As alluded to earlier, one major reason is more Singapore enterprises themselves adopting ESG principles. This is evidenced in East & Partners latest Global Insights Report on green banking that shows Singapore enterprises record the second-highest proportion of successful ESG-based requests for proposals (RFPs) - meeting the entirety of scope, cost structure and execution of transaction, second only to the United Kingdom.
This suggests that Singapore-based corporates are highly versed in the criteria required to secure use of proceeds and sustainability-linked finance. Still, observers must be wary to not solely link this movement to altruism; corporates in Singapore are facing increasing scrutiny by regulators, such as the Singapore Exchange wanting to introduce sustainability reporting as part of listing requirements, in addition to growing demand driven by investors and consumers.
Whether ESG decision-making is driven solely by banks or outside factors, banks in Singapore are helping to lead the charge of a movement that is starting to be reflected in neighbouring markets. Such shorter-term pushes towards green financing will likely still be state-driven - especially across emerging regions such as South-east Asia - rather than being driven strongly by the private sector.
The longer-term, private sector-led impact, however, may come from broader scale digital transformation - which has been touted to reduce emissions and inefficient use of resources arising from economic growth.
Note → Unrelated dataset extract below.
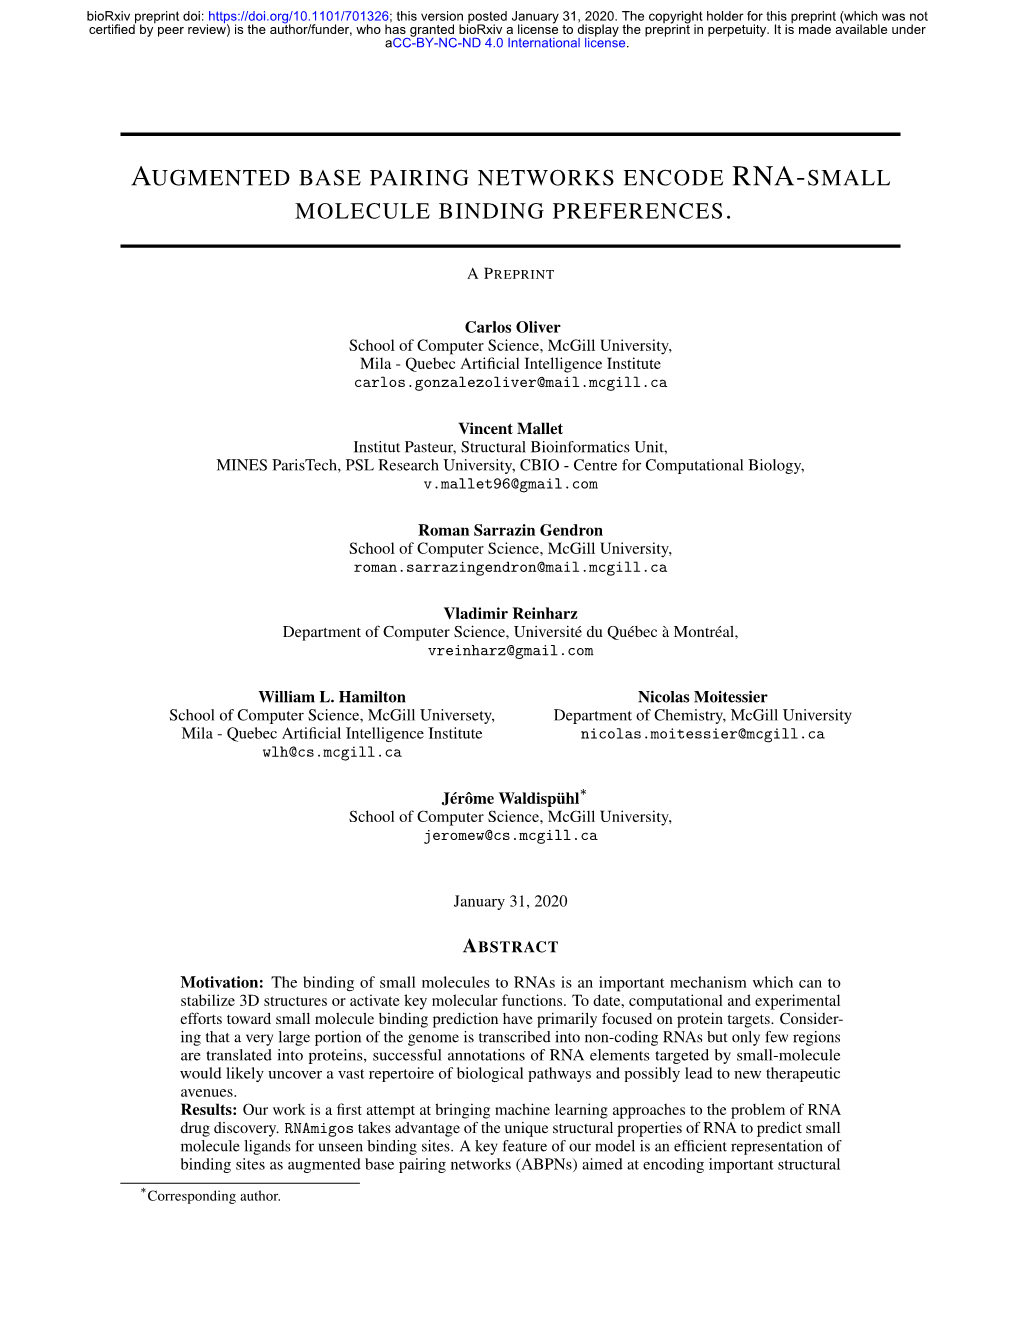 Augmented Base Pairing Networks Encode Rna-Small Molecule Binding Preferences

The digitalisation trend has picked up the pace due to the Covid-19 pandemic, as digital products and solutions are becoming more favoured over physical ones, especially in markets where the digital economy has taken strong roots, such as Singapore and China.
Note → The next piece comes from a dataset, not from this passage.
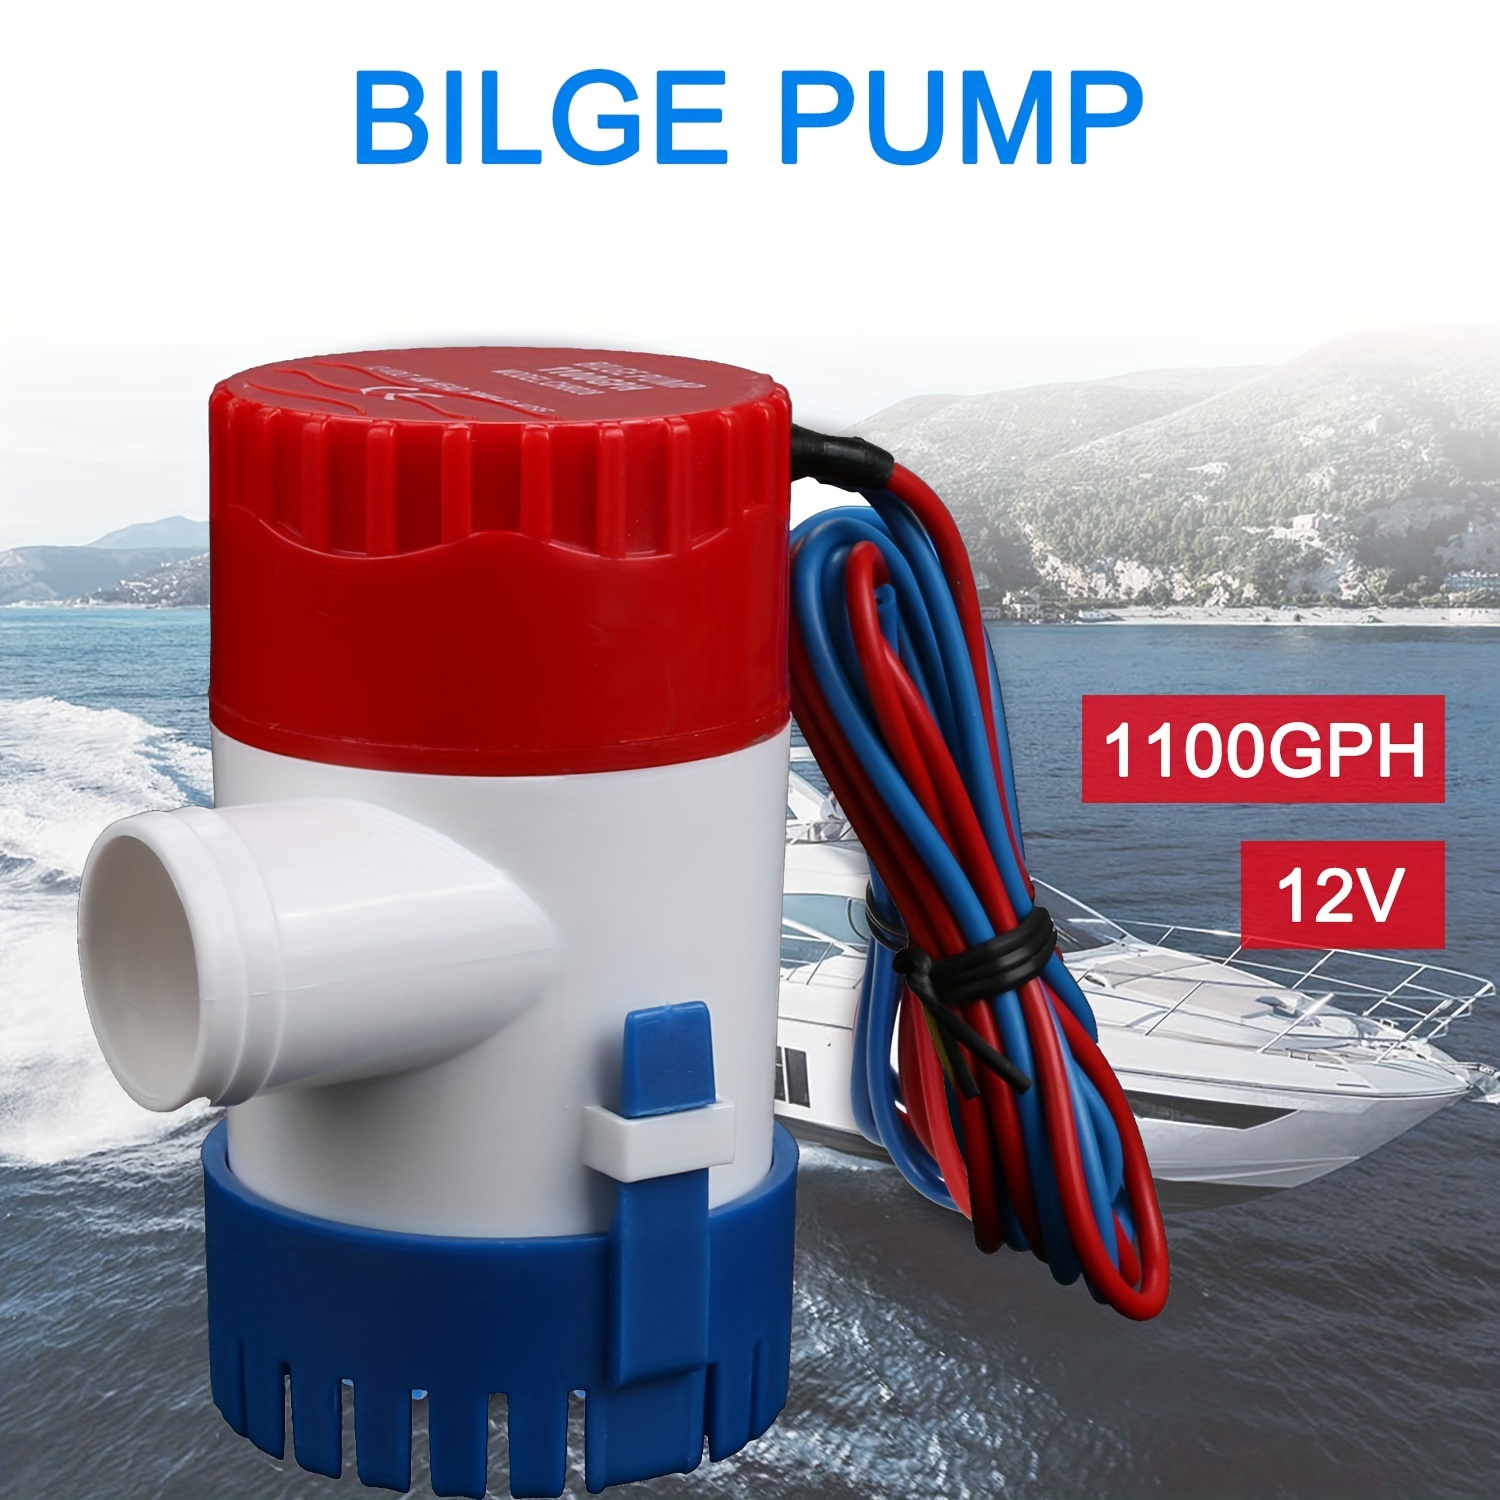 Bilge pump 12V 24V 750gph water pump used in boat seaplane motor homes  houseboat

Asia needs a concerted private-sector-led shift towards green banking
“Leading enterprises in Asia and their banking providers must take up the call in helping the region transition to a low-carbon economy and ESG-led future. This is not just as issuers of ESG debt but to fully embrace as general adopters of the green finance ethos. Effectively, they must "practise what they preach"” stated East & Partners Global Head of Markets Analysis in The Business Times.
“In Asia, the sustainable financing ecosystem, at large, remains nascent. However, there is optimism to be had by the green push shown by governments and several corporates. Especially within the private sector - whether they truly espouse the ESG spirit or are driven solely by returns derived from it - the drive for banking providers to tailor their products and/or services along more sustainable lines will be the crucial bellwether to Asia's future for green banking.” Mr Smith added.